Copy out precisely the lines of the material that follows, beginning with the line containing "Pete Davidson helps" and ending with its last line; exclude pictures.

#### Collected data ####

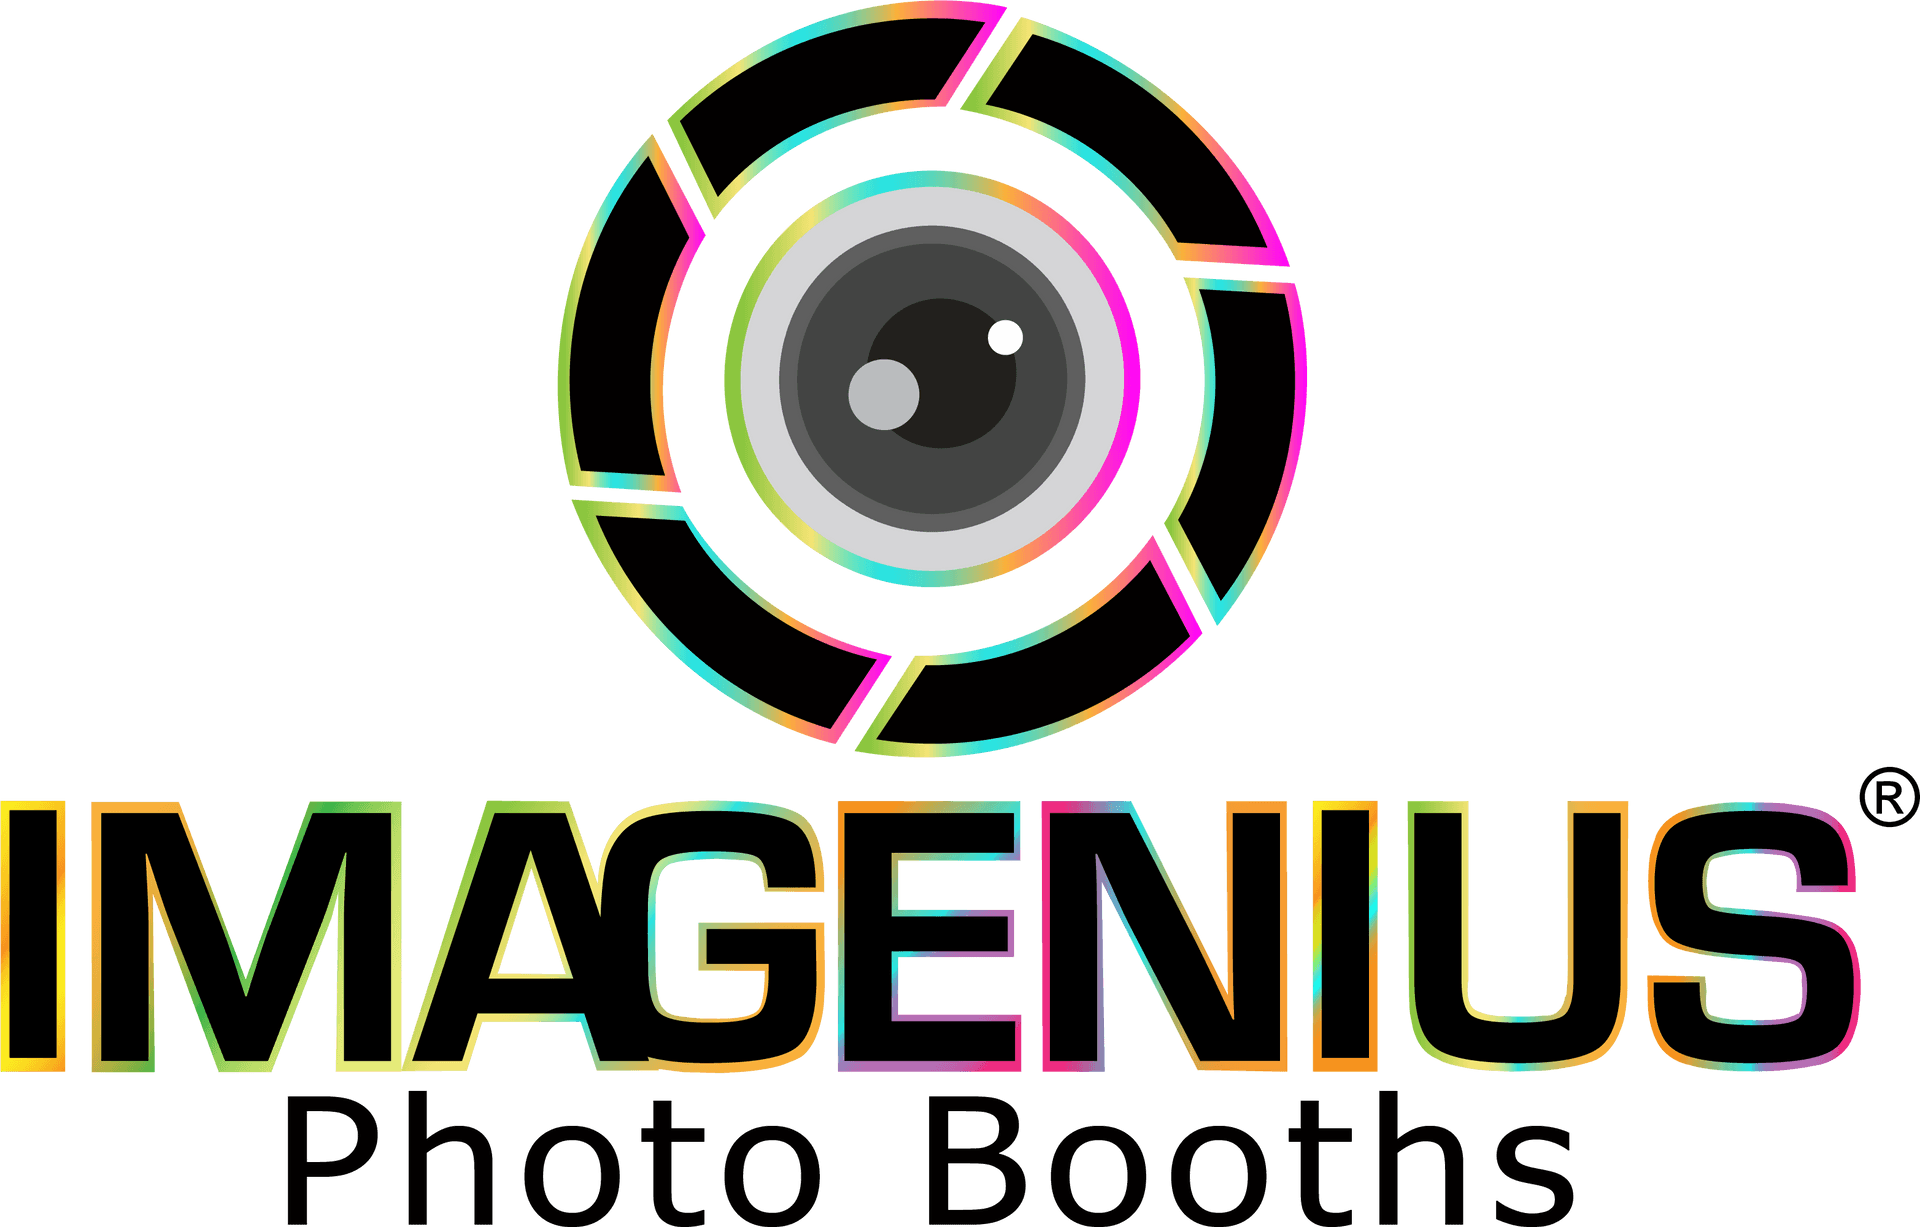 Image Genius Photo Booths Logo PNG
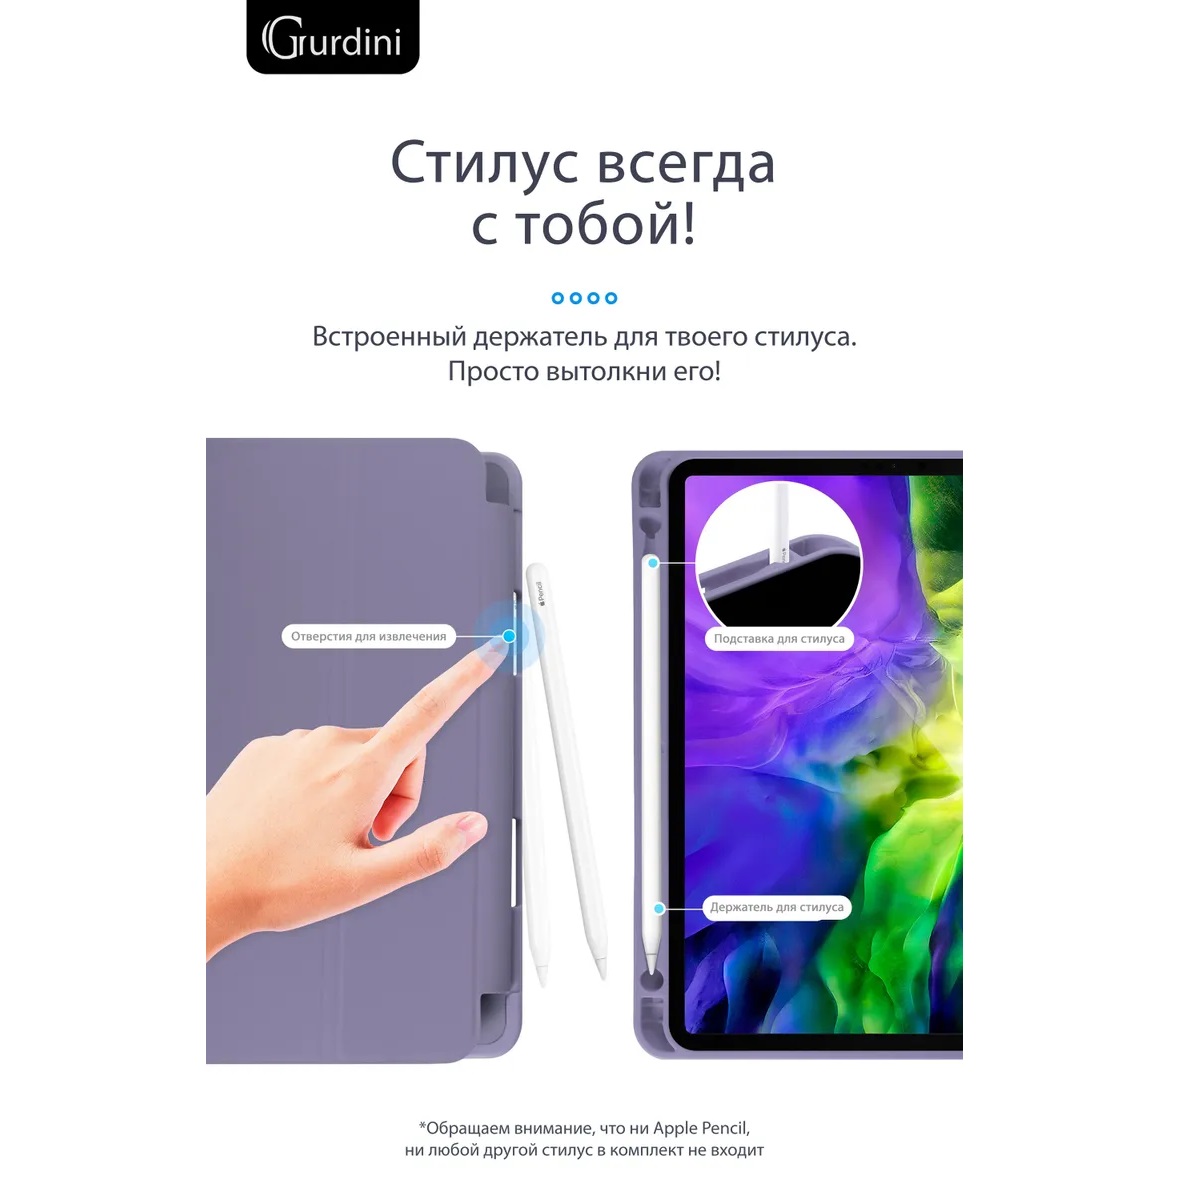 Чехол-книжка Gurdini Milano Series (pen slot) для iPad Air 10.9 Lavender
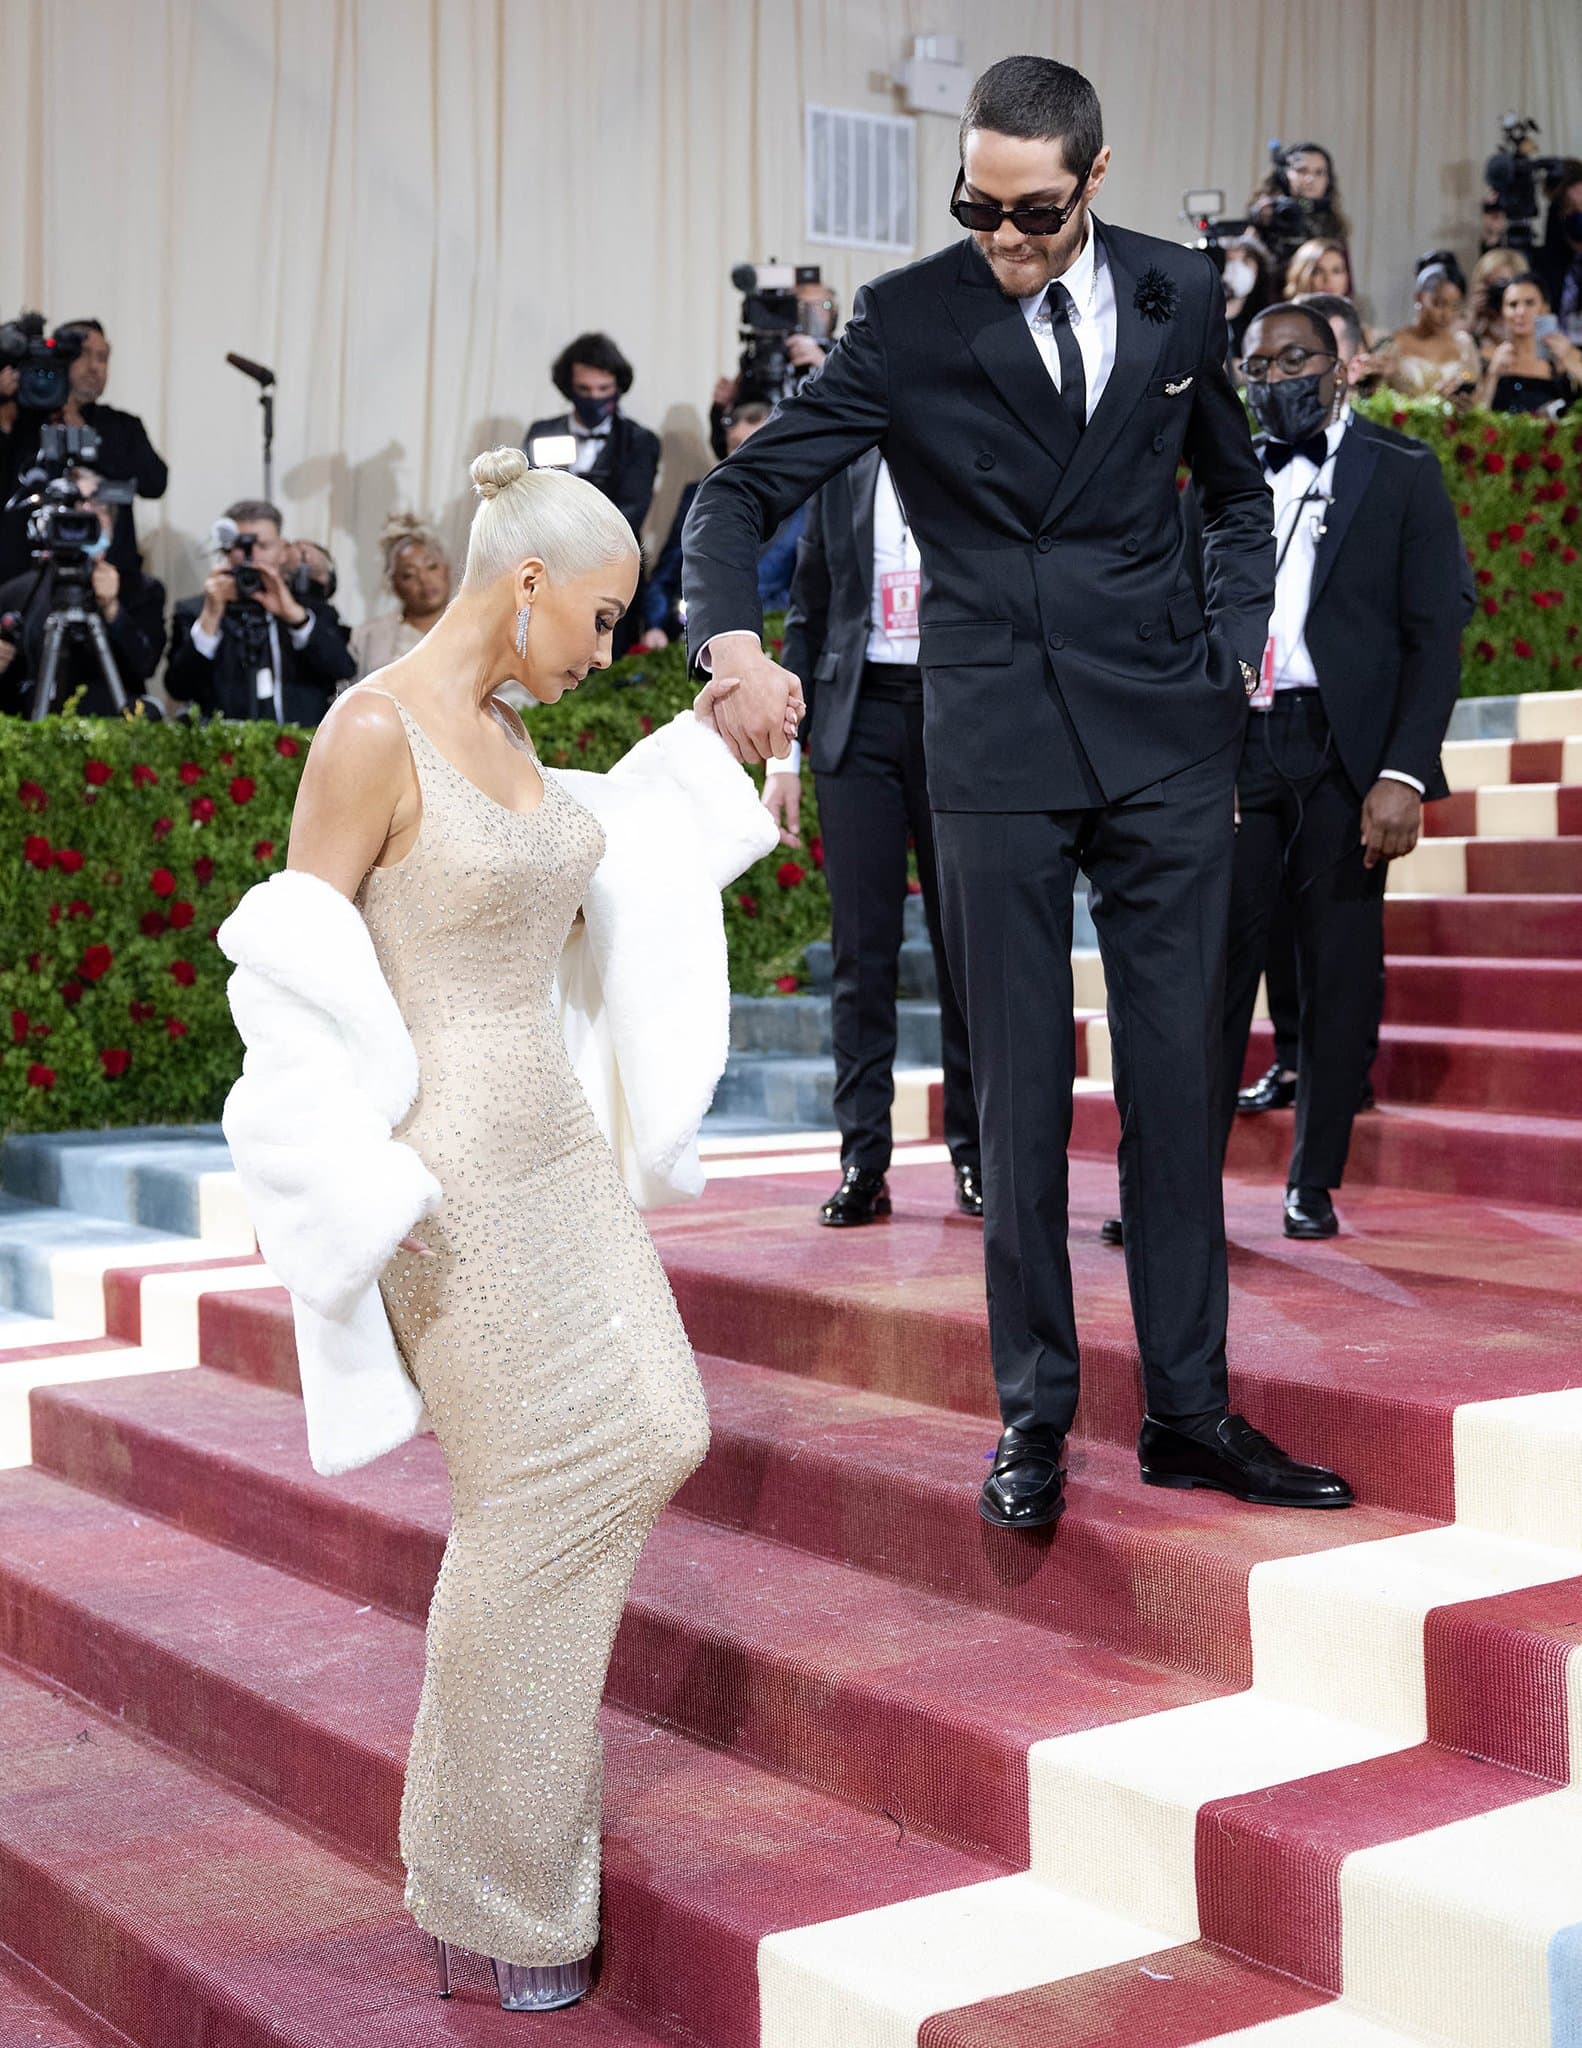 Pete Davidson helps Kim Kardashian as she takes tiny steps on the Grand Staircase at the Metropolitan Museum of Art
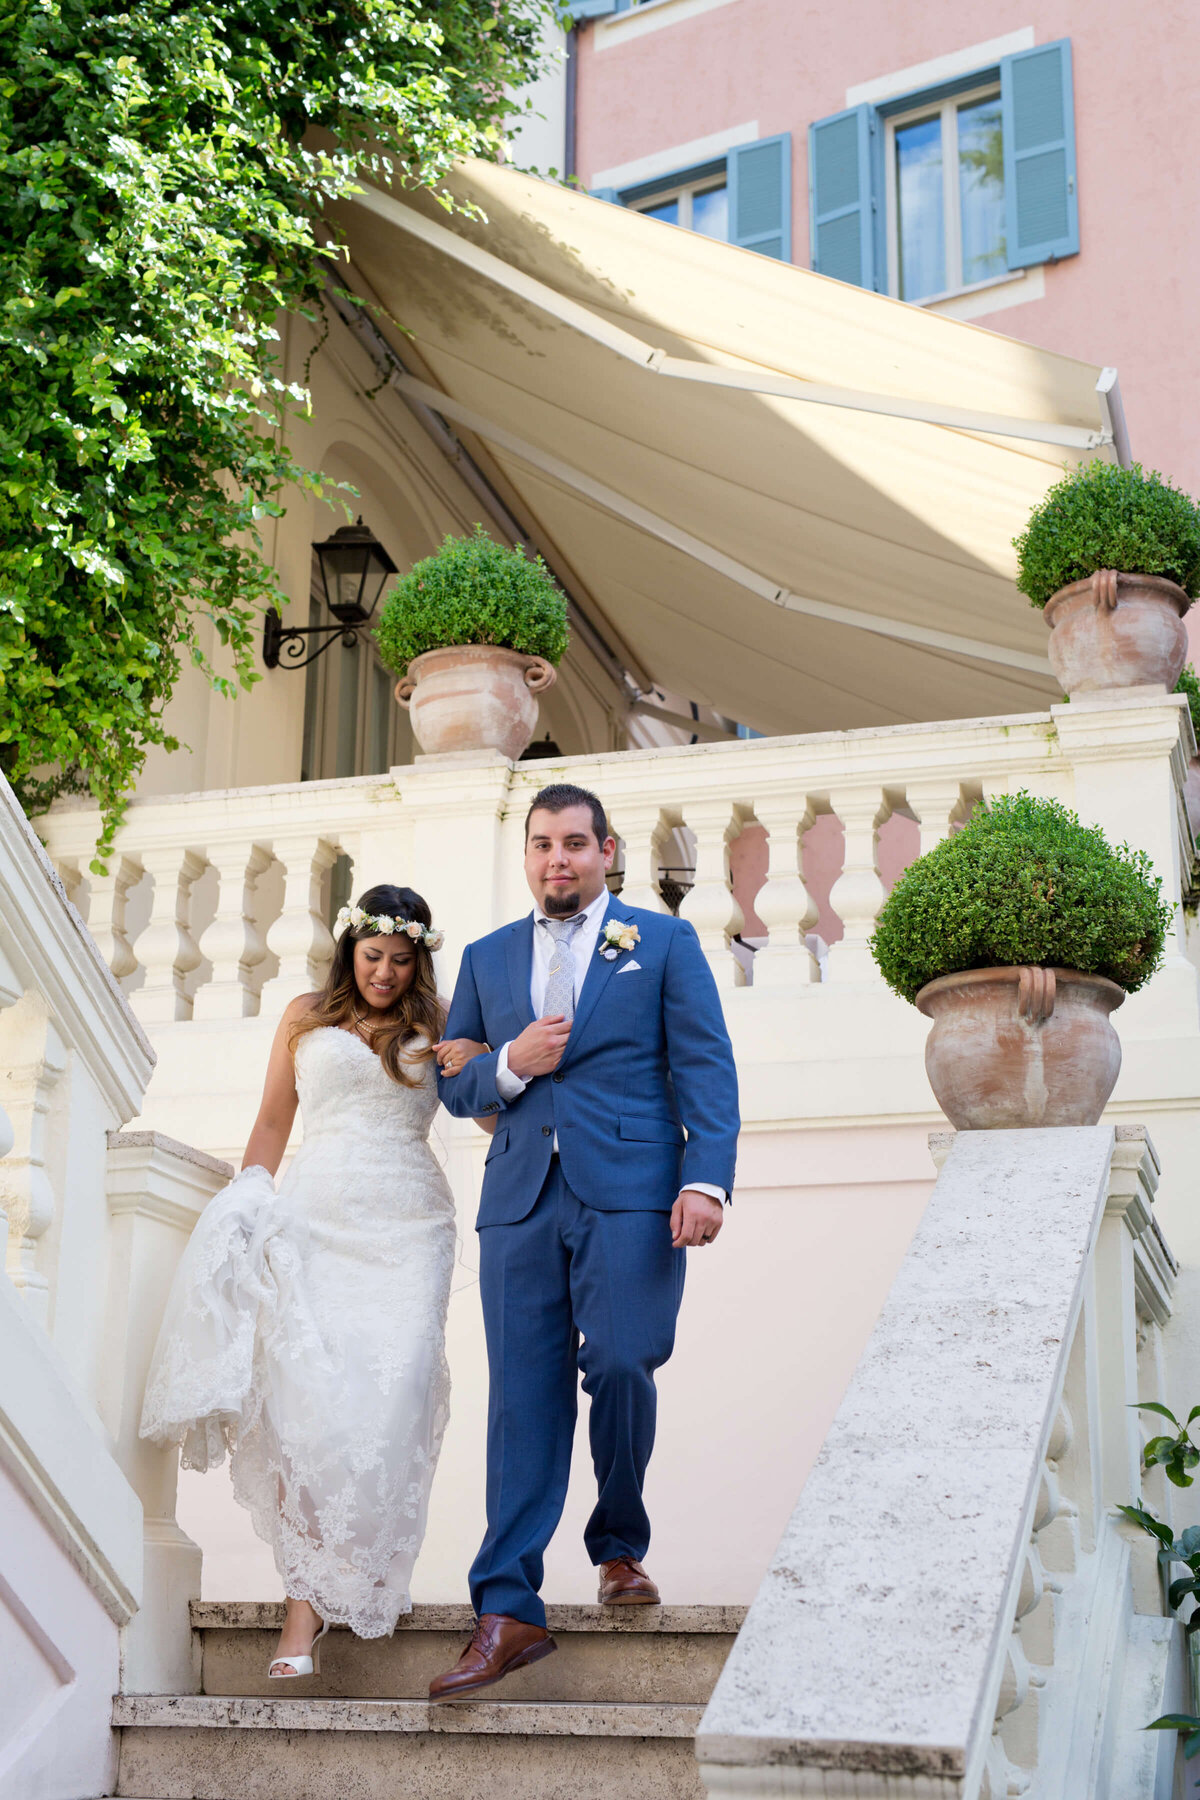 Wedding L&J - Rome - Italy 2016 07

####

# [Finished task]
 Pete Davidson helps Kim Kardashian as she takes tiny steps on the Grand Staircase at the Metropolitan Museum of Art
 Wedding L&J - Rome - Italy 2016 07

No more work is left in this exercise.